Le travail dont on va discuter aujourd’hui porte sur les obstacles à la reconnaissance sociale des enfants d’immigrés. Je me contenterai ici de reprendre les principales étapes de mon raisonnement en essayant de mettre l’accent sur des points peut-être mal explicités dans la thèse, et en tentant de donner quelques esquisses de réponses aux lectures dont j’ai pu bénéficier de la part des rapporteurs du jury.
Le surendettement symbolique
Le principal obstacle à la reconnaissance sociale des enfants d’immigrés, c’est une forme de disqualification ou une stigmatisation, que j’ai appelée « le surendettement symbolique ». Cette disqualification symbolique conduit à voir les enfants d’immigrés comme n’ayant jamais les capacités de donner. Elle s’inscrit dans un double contexte : d’une part, la persistance d’un imaginaire colonial qui conduit une partie des Français à voir les immigrés issus des anciennes colonies comme des personnes en situation de dette vis-à-vis de la France ; d’autre part, un contexte social où l’accès au travail salarié, et donc à des places sociales valorisantes, est de plus en plus difficile.
L’héritage de la colonisation
Je reviens rapidement sur la persistance d’un certain imaginaire colonial. Dans de nombreux ouvrages sur la question, on peut lire que l’idéologie coloniale a été une façon de travestir la situation coloniale en un « don de civilisation » fait aux pays colonisés. C’est peut-être même une particularité de la colonisation française, comme le soulignent les auteurs de l’ouvrage La République coloniale : « La République coloniale, rappellent-ils, veut se distinguer des autres puissances coloniales par sa nature “généreuse” ». « La France a été bonne et généreuse avec les peuples qu’elle a soumis », voilà le message transmis à des générations de Français, notamment au travers des manuels scolaires (je pense notamment ici au manuel Lavisse, dont cette dernière phrase est tirée).

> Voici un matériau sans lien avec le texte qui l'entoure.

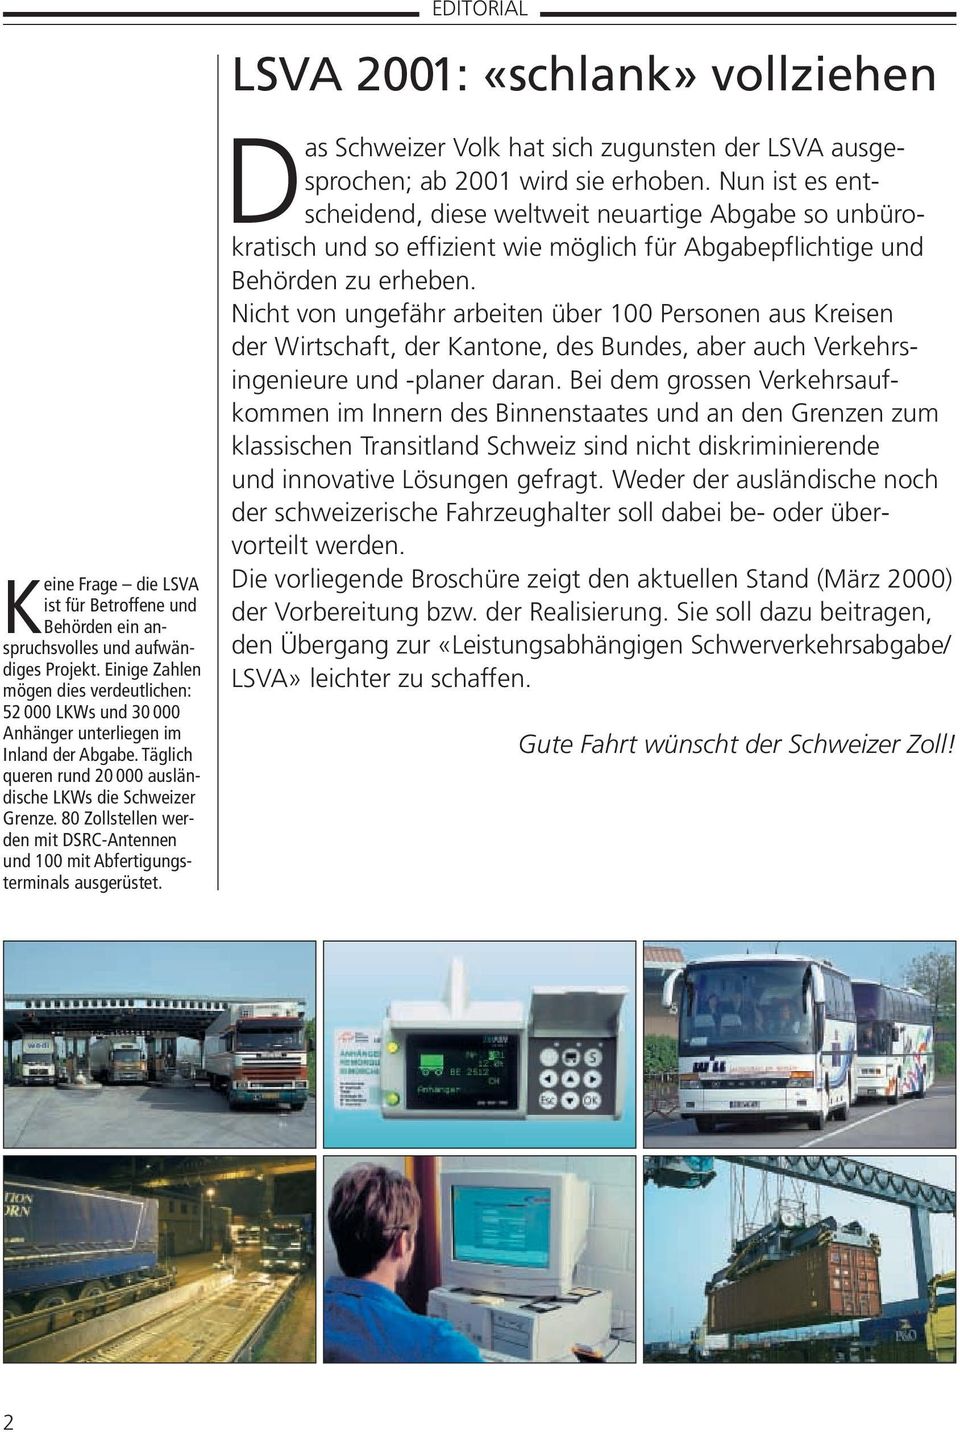 80 Zollstellen werden mit DSRC-Antennen und 100 mit Abfertigungsterminals ausgerüstet. Das Schweizer Volk hat sich zugunsten der LSVA ausgesprochen; ab 2001 wird sie erhoben.

Aujourd’hui, la France se présente encore parfois comme créditrice face aux immigrés et à leurs enfants. On se rappelle ainsi la loi du 23 février 2005 et la proposition qu’elle contenait d’inscrire dans les programmes scolaires « le rôle positif de la colonisation française ». Dans un ouvrage récent, Benjamin Stora souligne la prégnance de ce regard bienveillant sur l’histoire coloniale de la France en rappelant qu’en décembre 2005, une large majorité de Français étaient favorables à cette loi.
Ce regard qui persiste est l’un des obstacles aux multiples demandes de reconnaissance des enfants de l’immigration.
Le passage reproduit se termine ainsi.